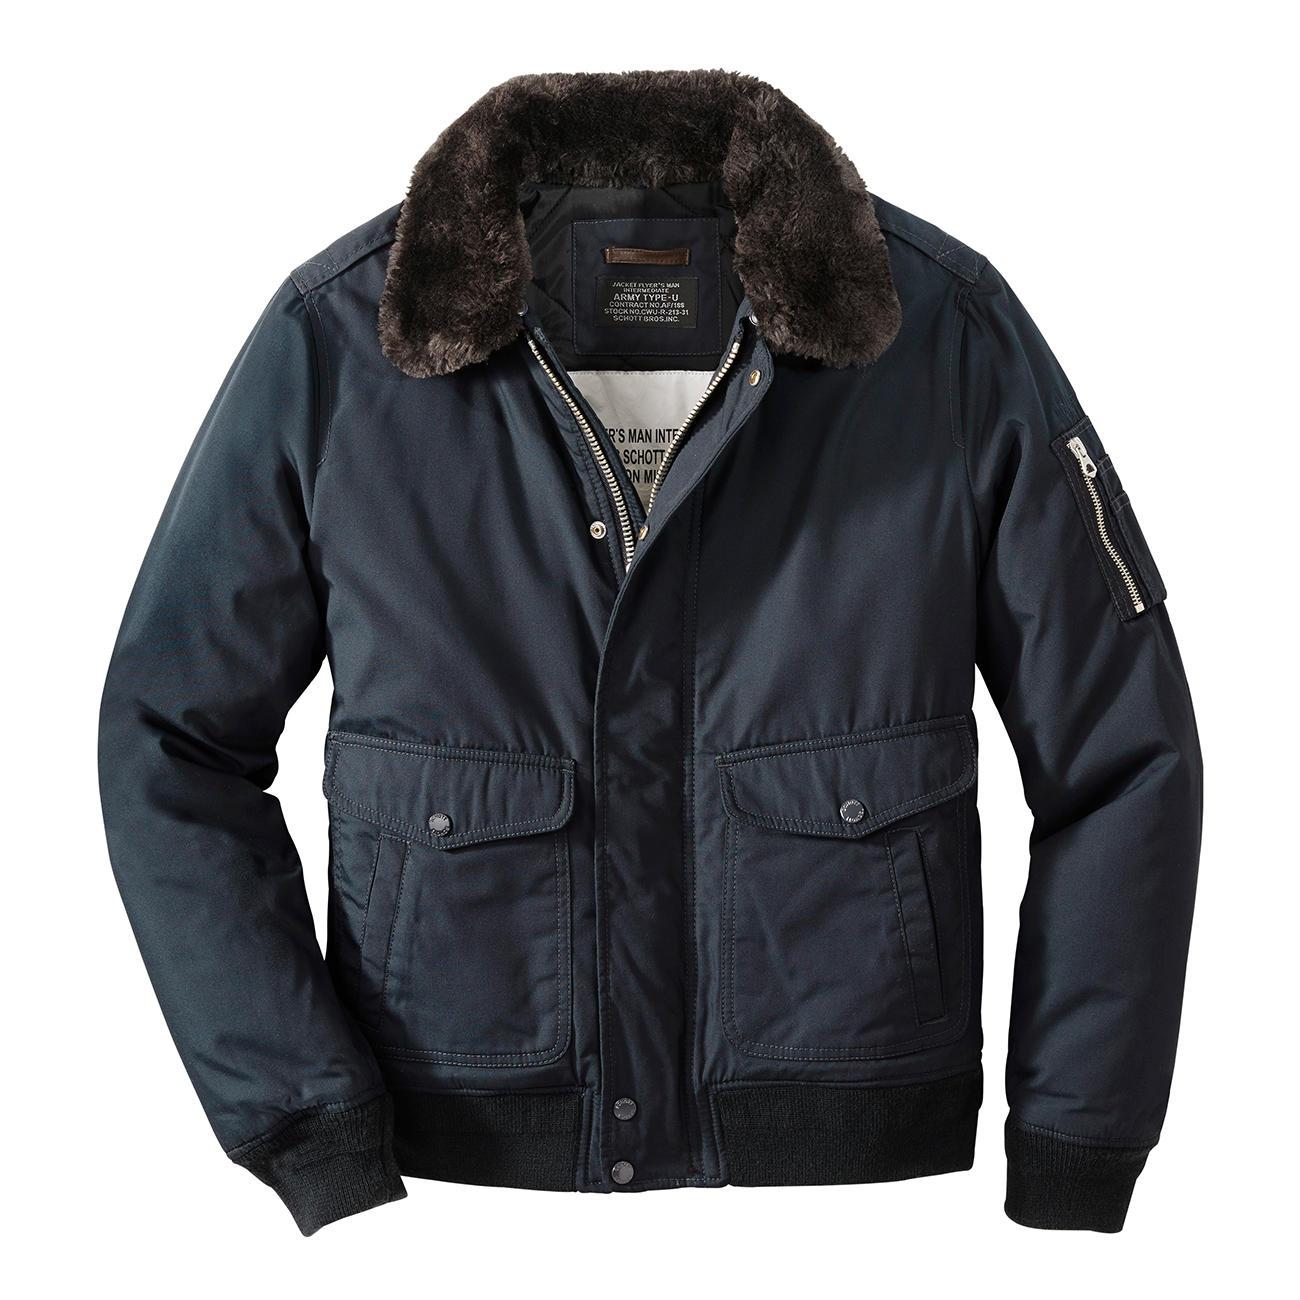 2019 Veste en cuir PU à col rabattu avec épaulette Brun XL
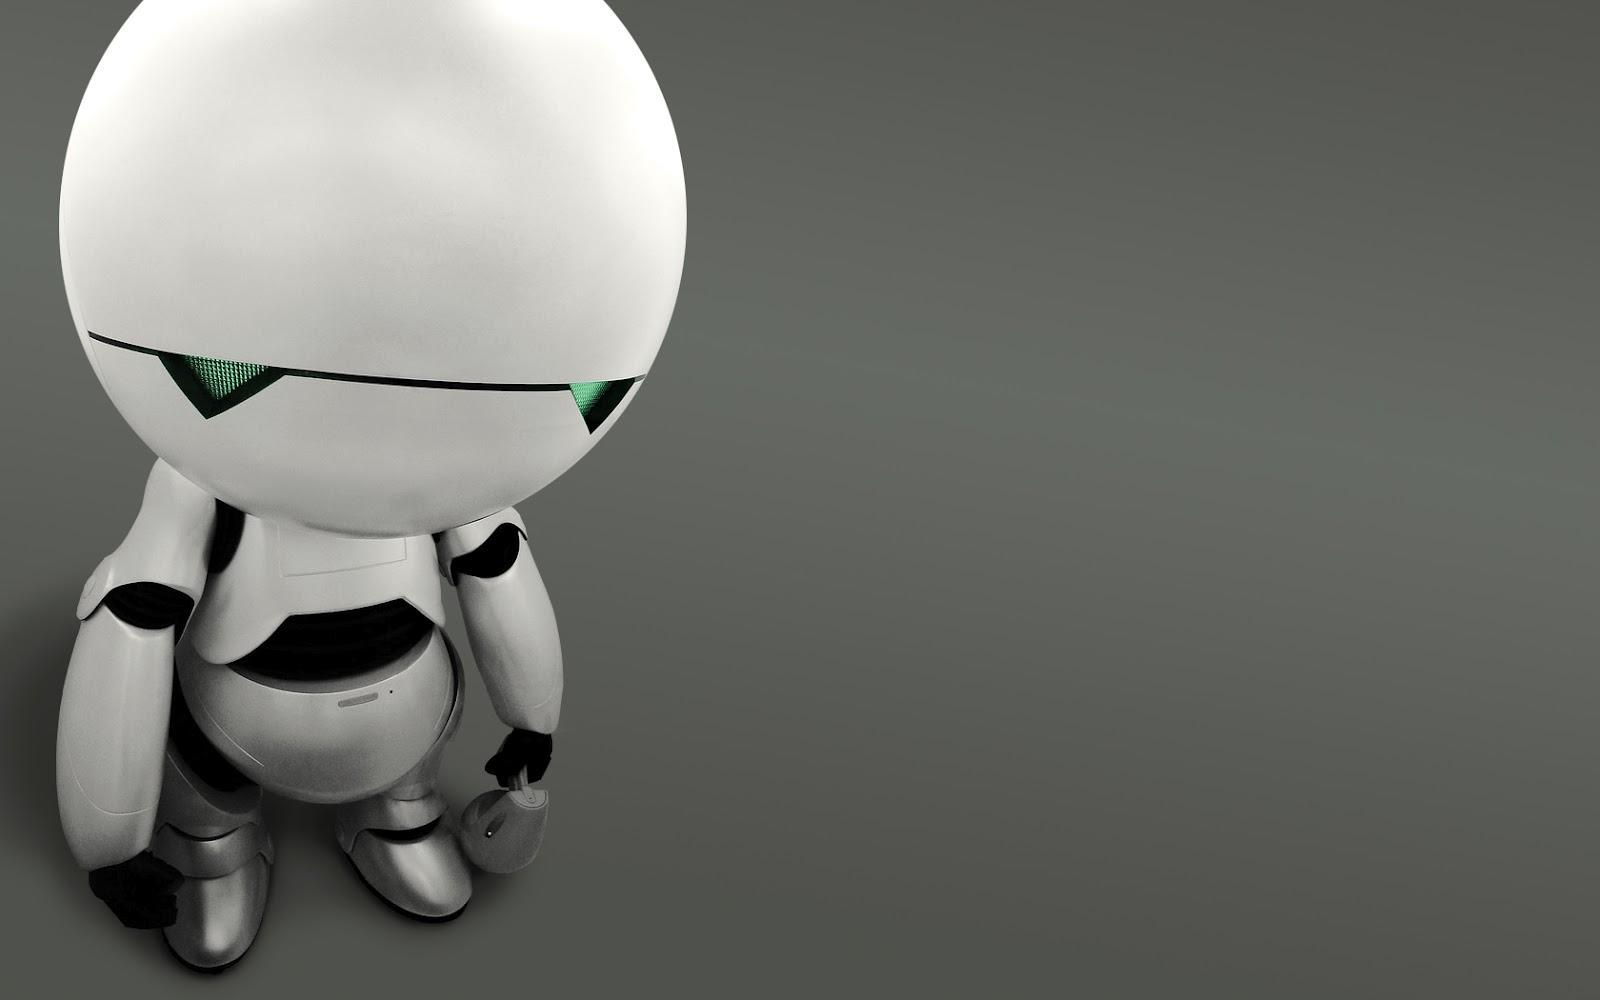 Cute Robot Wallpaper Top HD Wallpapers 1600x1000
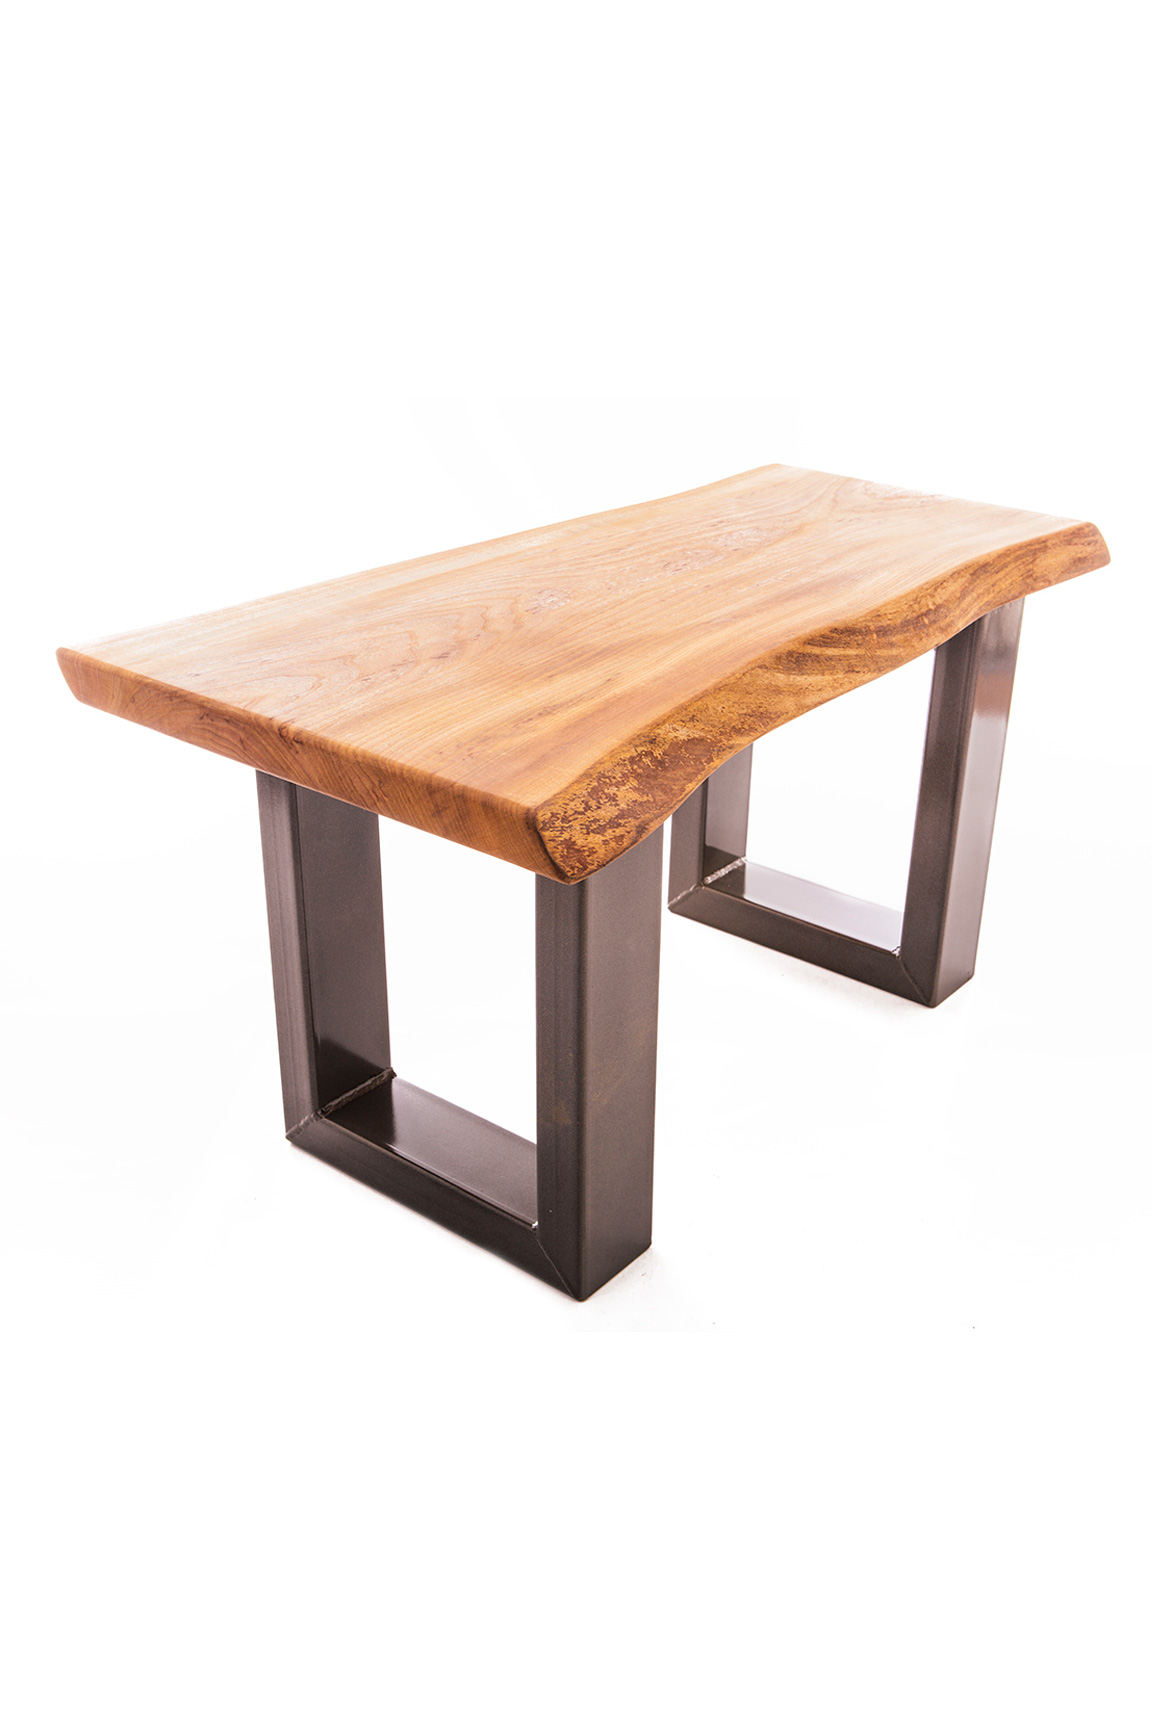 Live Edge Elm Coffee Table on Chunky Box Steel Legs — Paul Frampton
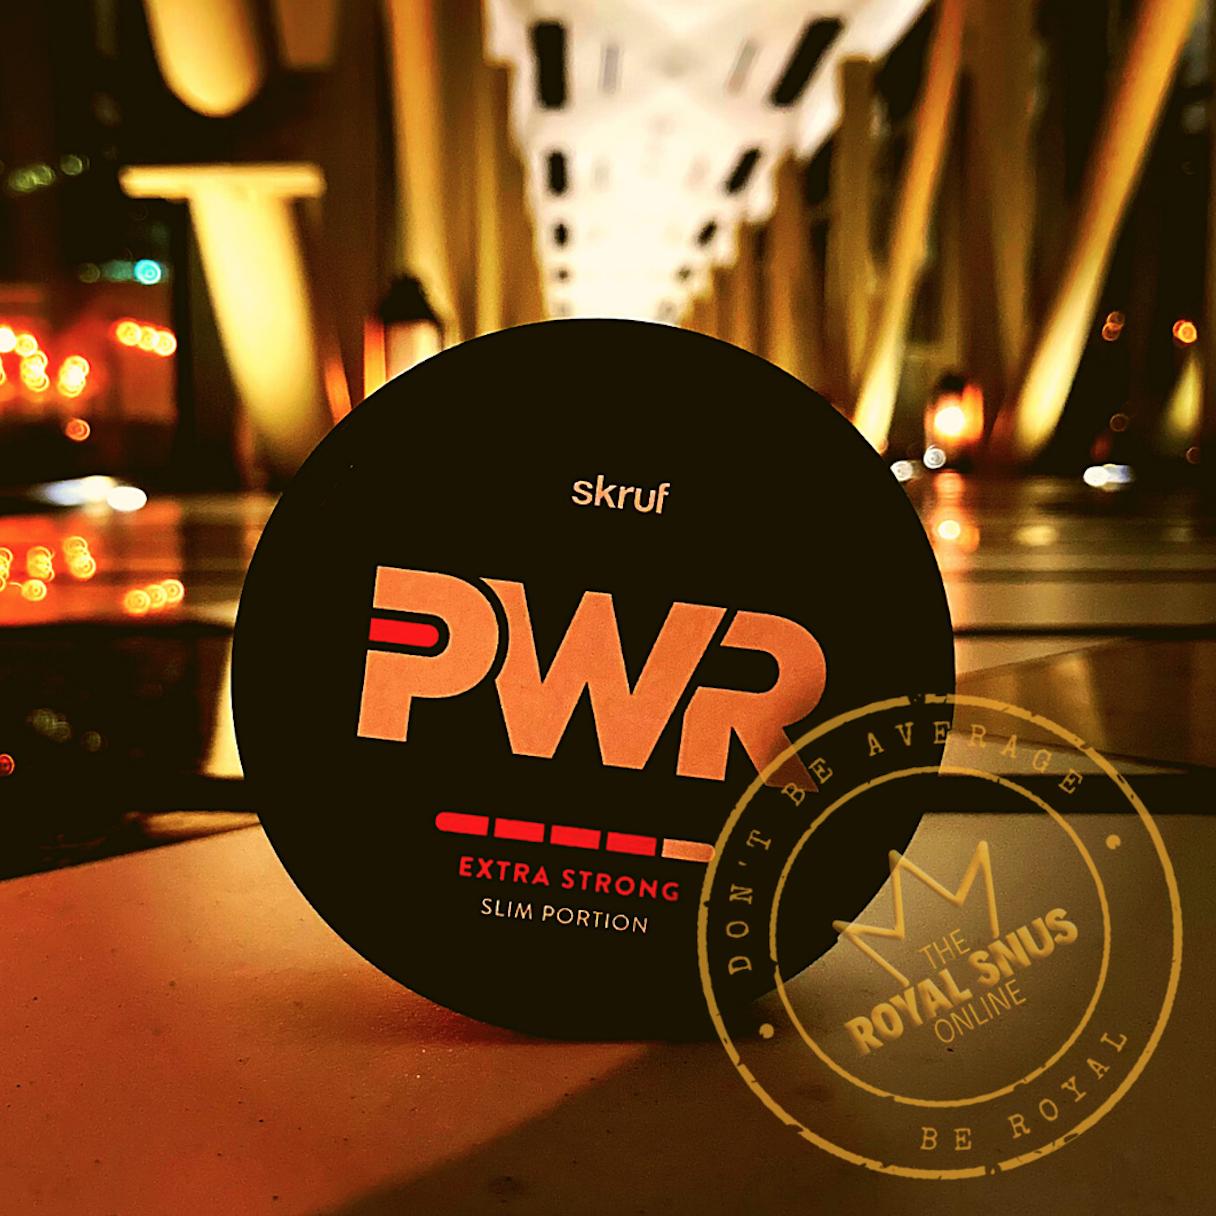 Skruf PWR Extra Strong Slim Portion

What you are asked to do — In the listing, find the line containing "Live Edge Elm" and repeat it and every later line through the last one, word for word, excluding the pictures.

Answer for the task —
 Live Edge Elm Coffee Table on Chunky Box Steel Legs — Paul Frampton
 Skruf PWR Extra Strong Slim Portion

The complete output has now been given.